Do all the computationally expensive optimizations that you can at compile time, then do a few at runtime. The performance hit for all of my suggestions above could be made to be insignificant.

Feb 7 2011, 12:33 pm

Forum_account

Several walls of text ago you claimed that your "optimization" was only beneficial and had no drawbacks. My last few comments have been trying to show that your method is likely to allocate extra memory and not see any benefits when no further concatenations are performed.

Initially I had believed a feature to improve performance when dealing with strings was necessary. I wasn't aware until Lummox mentioned it that BYOND does some optimizations already. By leveraging this, the feature isn't really necessary (though the list.Join() syntax would still be preferred). The fact that you can write as much as you have about this suggests that it's not worth the trouble to implement considering a simple and fairly elegant workaround exists.

Feb 8 2011, 10:46 am

Loduwijk

Forum_account wrote:

The fact that you can write as much as you have about this suggests that it's not worth the trouble...

If that is true, you just dissed at least a quarter of your content on Byond.
An example of exactly that

Of course, I don't believe that is true, since I actually agree with some of what you said in that example. But that's where your above-mentioned logic leads.

I want so badly to explain why the rest of what you have there is inaccurate, as I cannot stand leaving the last statements be so false, but it would be a repeat once again of what I have already said. So I will just say see this page, and it will be my rebuttal for all further arguments. And yes, that is not a mistake, that is a link to this very page itself.

And I am now done here. This feature had all the discussion it needed in the first 14 replies, and all of them since then have been mostly BS, so it's a waste of space. The only further discussion that could possibly help here is if LummoxJR wants to reply again and discuss the options available for this feature. Otherwise, it should have its status set to on-hold and be done with it until someday if/when there's not more important things to do.

Feb 8 2011, 10:55 am (Edited on Feb 8 2011, 11:11 am)

Forum_account

Loduwijk wrote:

Forum_account wrote:

The fact that you can write as much as you have about this suggests that it's not worth the trouble...

If that is true, you just dissed at least a quarter of your content on Byond.
An example of exactly that

I'm not sure what you mean there.
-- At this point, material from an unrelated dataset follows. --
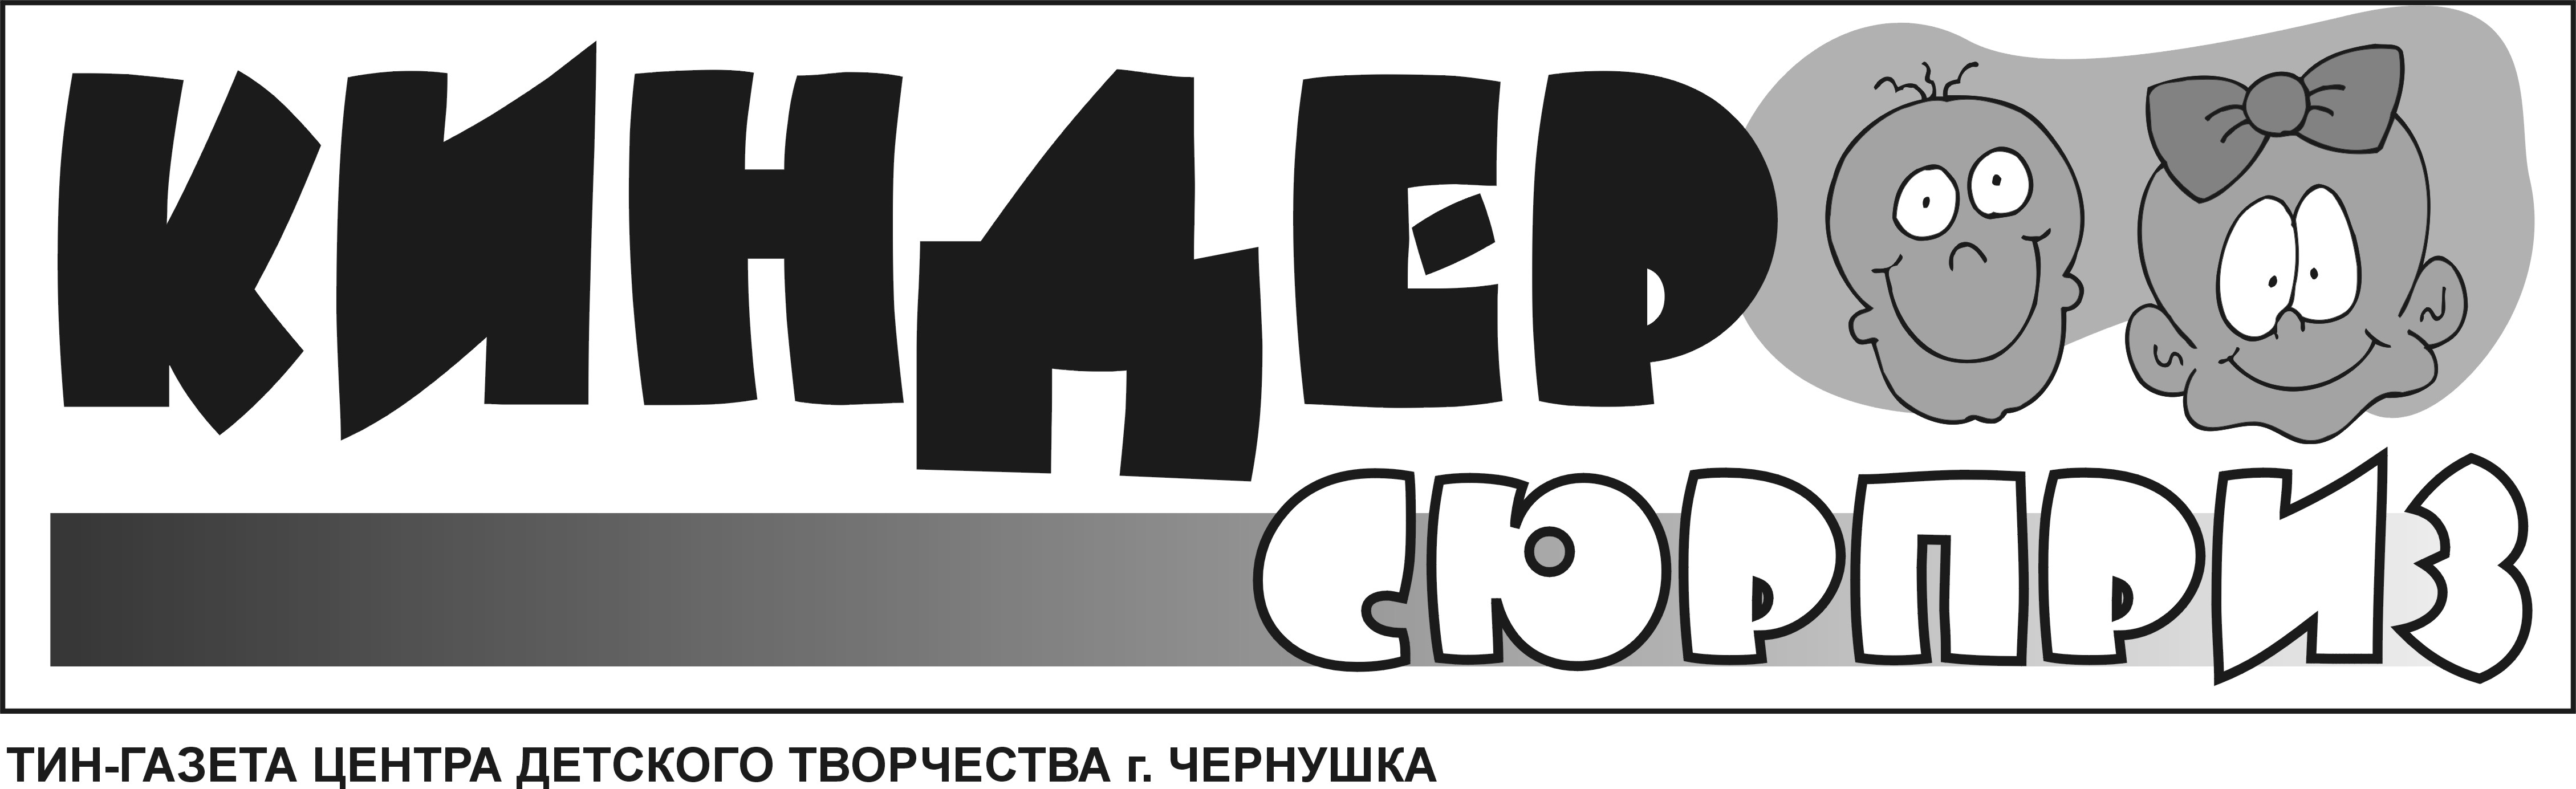 Логотип детской газеты (шапка)
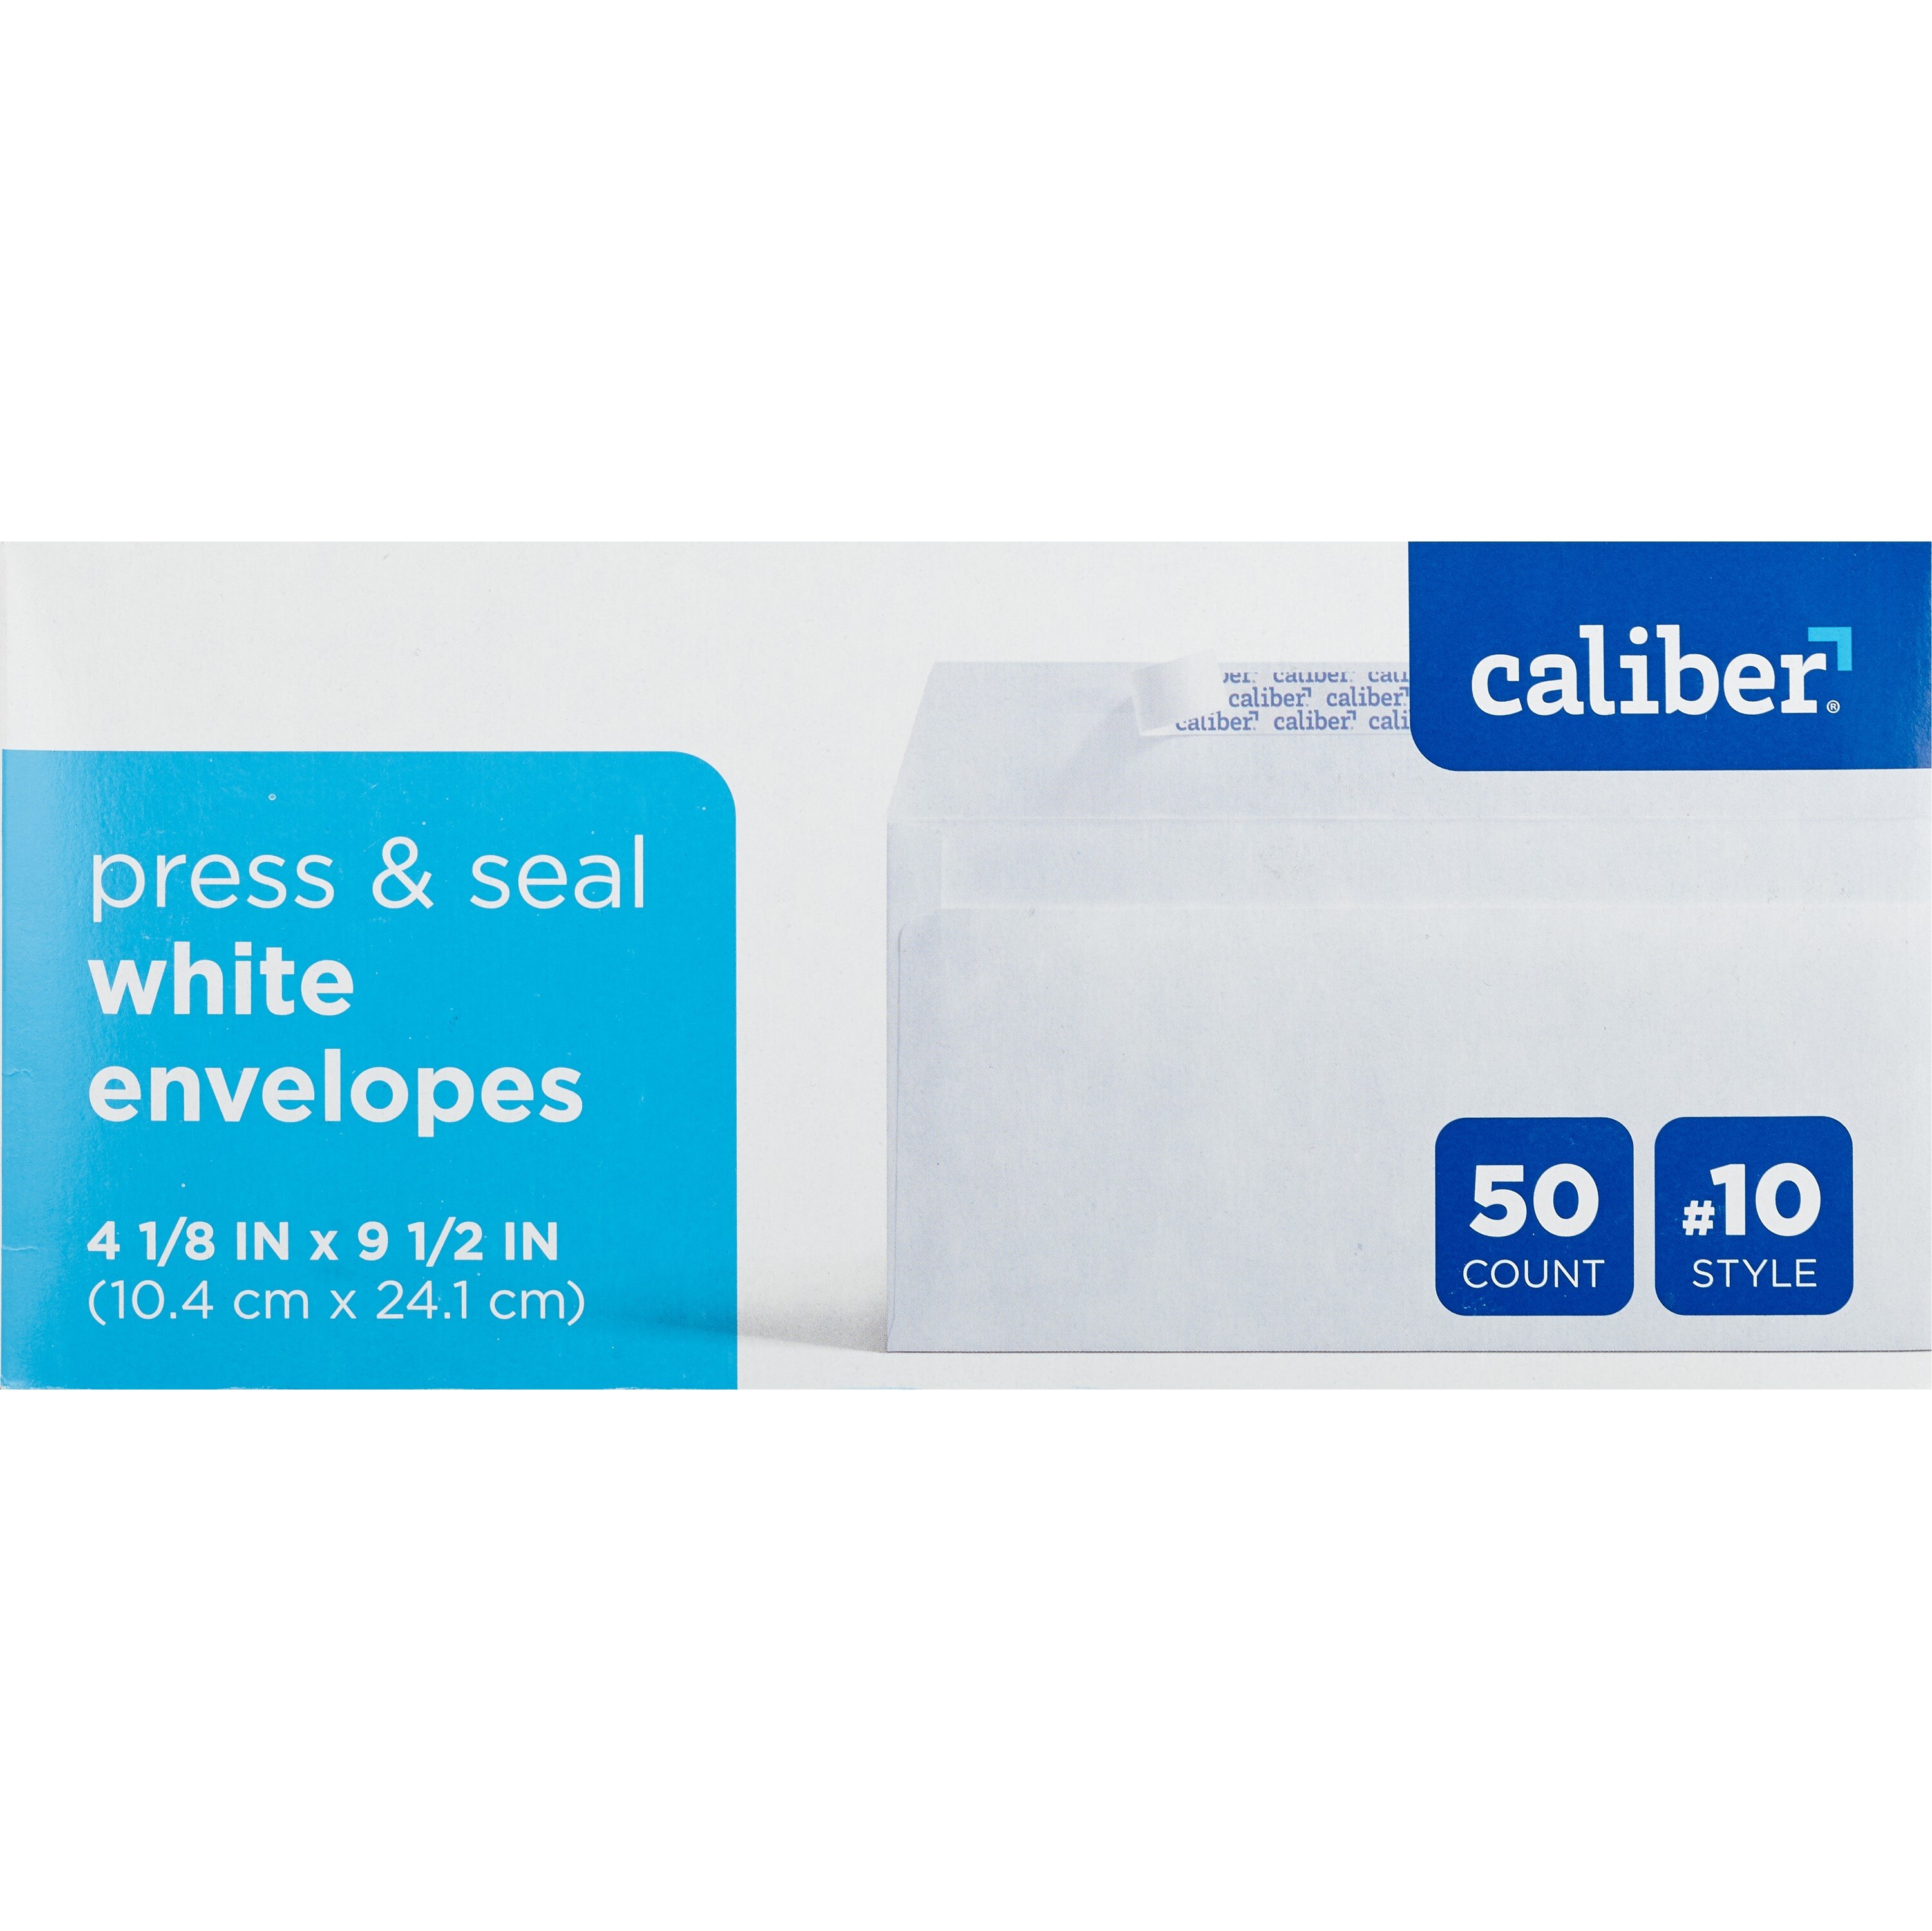 Caliber #10 Press & Seal White Envelopes, 4 1/8 in. x 9 1/2 in., 50 CT

Maybe I wasn't clear. To rephrase what you quoted of me: If it takes this much explaining to suggest that this change would be beneficial to BYOND, it's not as simple as you think and it probably isn't worth the staff's time to implement.

I want so badly to explain...

I hope that one day I will have provided you with enough practice that you can explain a single idea in less than 500 words =)

Edit: In the future, you might want to consider these three things:
1. There are three things here: your, your idea, and your explanation of that idea. Don't treat a criticism of your explanation as a criticism of you or the idea.
2. A discussion is a two-way exchange of ideas. If you're inclined to say "oh, huff. I quit!" then perhaps you entered this discussion for the wrong reason. Focus on exchanging information clearly, not on correcting people.
3. Brevity helps.

Feb 8 2011, 12:19 pm

Lummox JR

Loduwijk wrote:

Lummox JR wrote:

Allocating extra space with each string is doable, although it's wasteful in most cases.

No, it's not.

Yes, it really is. The only way extra space in a string is not wasteful is when you know you're doing further concatenation and you know you can give up that space when you're through. That's not remotely true of the way BYOND handles (or can handle) strings. It is true of the internal string builder class we use, but that's used in cases where the purpose is known.

I think you're working from a concept that BYOND strings are stored or manipulated in a way other than they currently are. I'll see if I can clarify.

BYOND does already have a string builder that allocates extra space like you say. It's used in all kinds of internal situations where we know we'll be concatenating.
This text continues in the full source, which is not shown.